Science is an amazing tool, but there’s no real agreement on how it actually works. That question bothered a man named Karl Popper enough that he spent most of his life thinking about it. I knew of Popper from history of philosophy courses, but it turns out he had a lot of interesting thoughts on other topics as well.
Like many great thinkers of his era, Karl Popper was forced to grapple with the roots of evil, it’s hard not to when you watch Hitler’s rise to power in real time.
Finance has long been one of my main interests, and nearly everyone in that space knows the name George Soros. Why bring him up in a text about science, Popper, and Hitler? It turns out this trio has more in common than you might think.
Popper spent his career searching for the origins of oppressive regimes. George Soros, the financier, is one of his biggest admirers, not just a fan, but a major funder of ideas through his Open Society Foundations.
That name might sound familiar if you follow politics. Several governments, especially those framed as having authoritarian leanings, like Hungary, are loudly hostile toward Soros and his projects. Hate is a strong signal, it acknowledges a perceived threat. I wanted to understand what that threat really is.

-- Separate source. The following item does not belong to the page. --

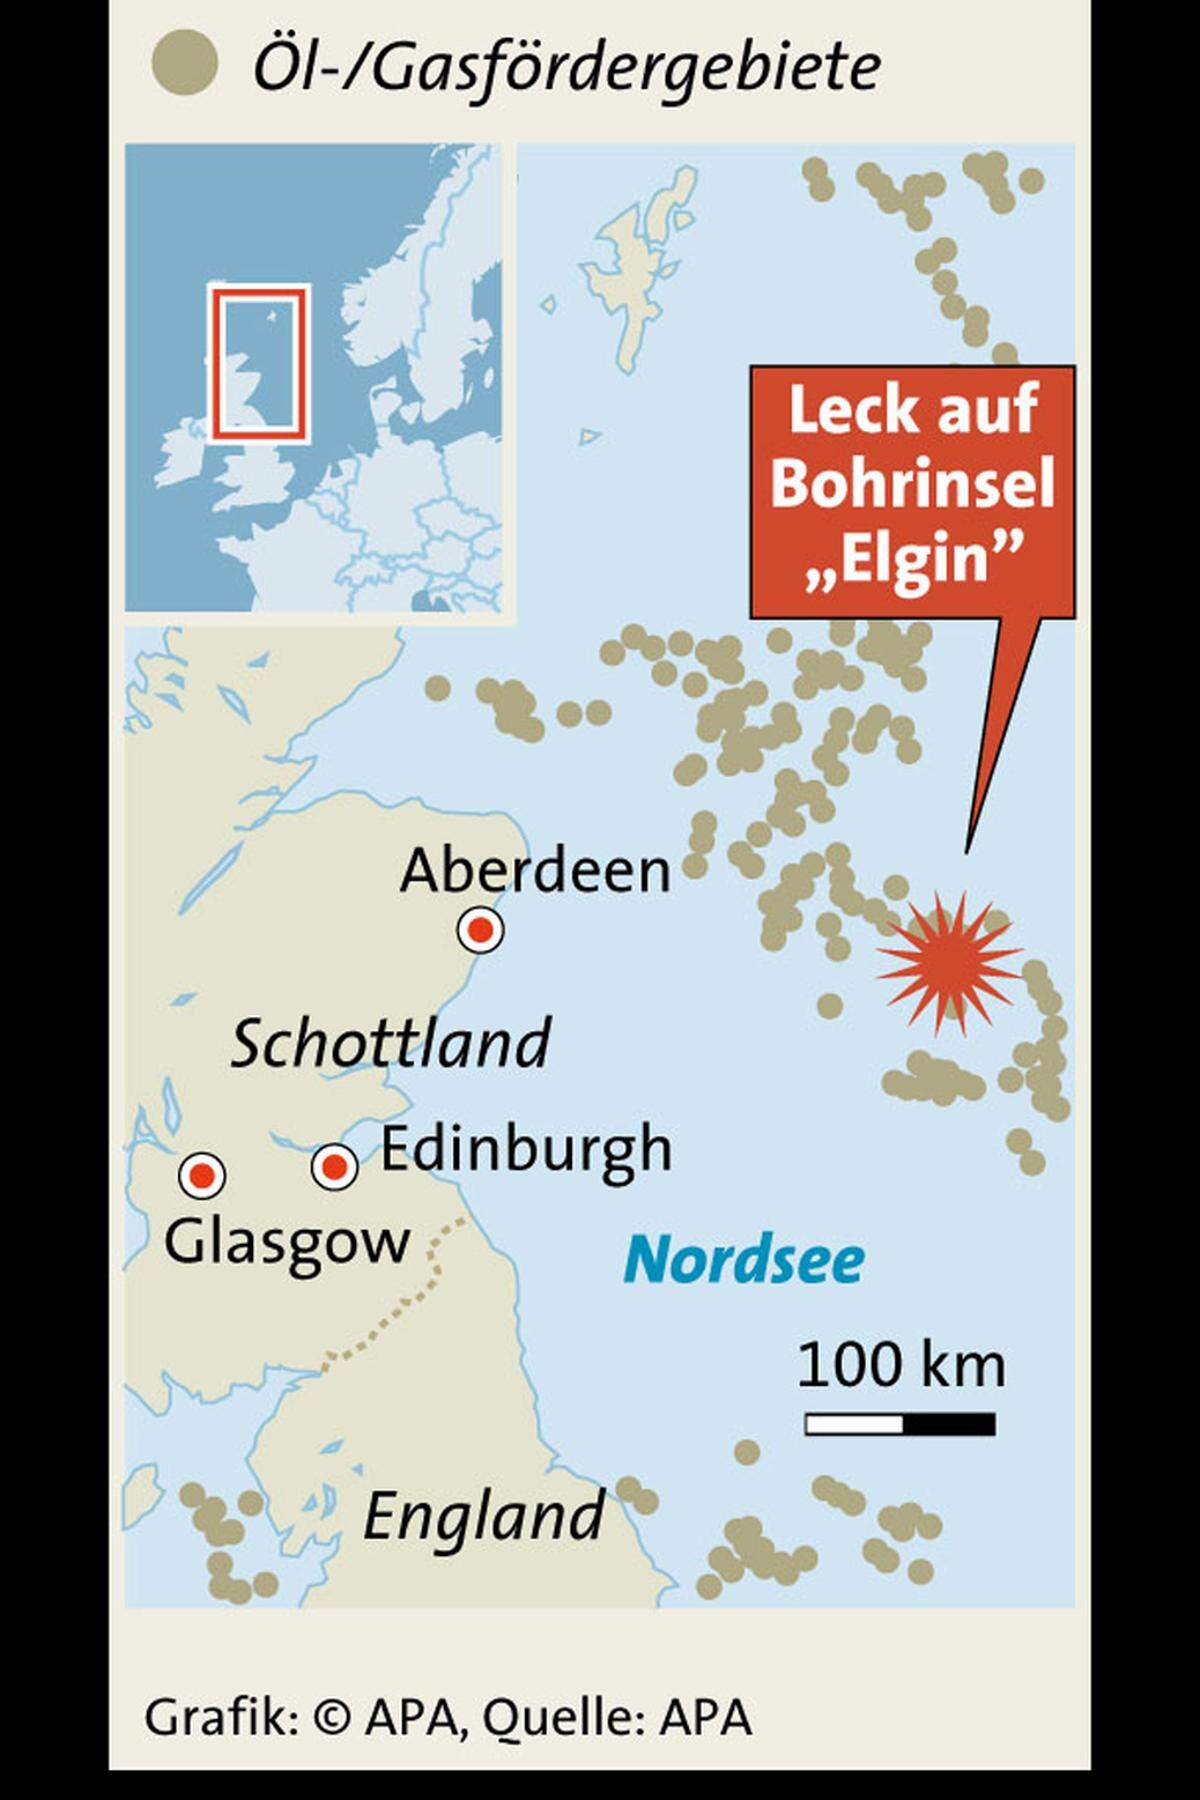 Die "Elgin"-Plattform ist eine Förderplattform, die rund 240 Kilometer östlich von Aberdeen in der Nordsee vor Schottland liegt. Das Meer ist dort nur knapp 100 Meter tief.

The Open Society and Its Enemies is an attempt to identify the ideas that gave rise to history’s most brutal regimes. Popper locates the core of the problem in a mindset he calls “historicism”, the belief that societies are conscious entities moving toward a predetermined end-state. In his view, accepting this premise normalizes the erosion of individual freedom and ultimately leads to catastrophic, oppressive outcomes.
Some find it absurd to link Nazis and socialists, but is it possible they share a fundamental way of viewing history and a common “ends justify the means” mentality? According to Karl Popper, absolutely.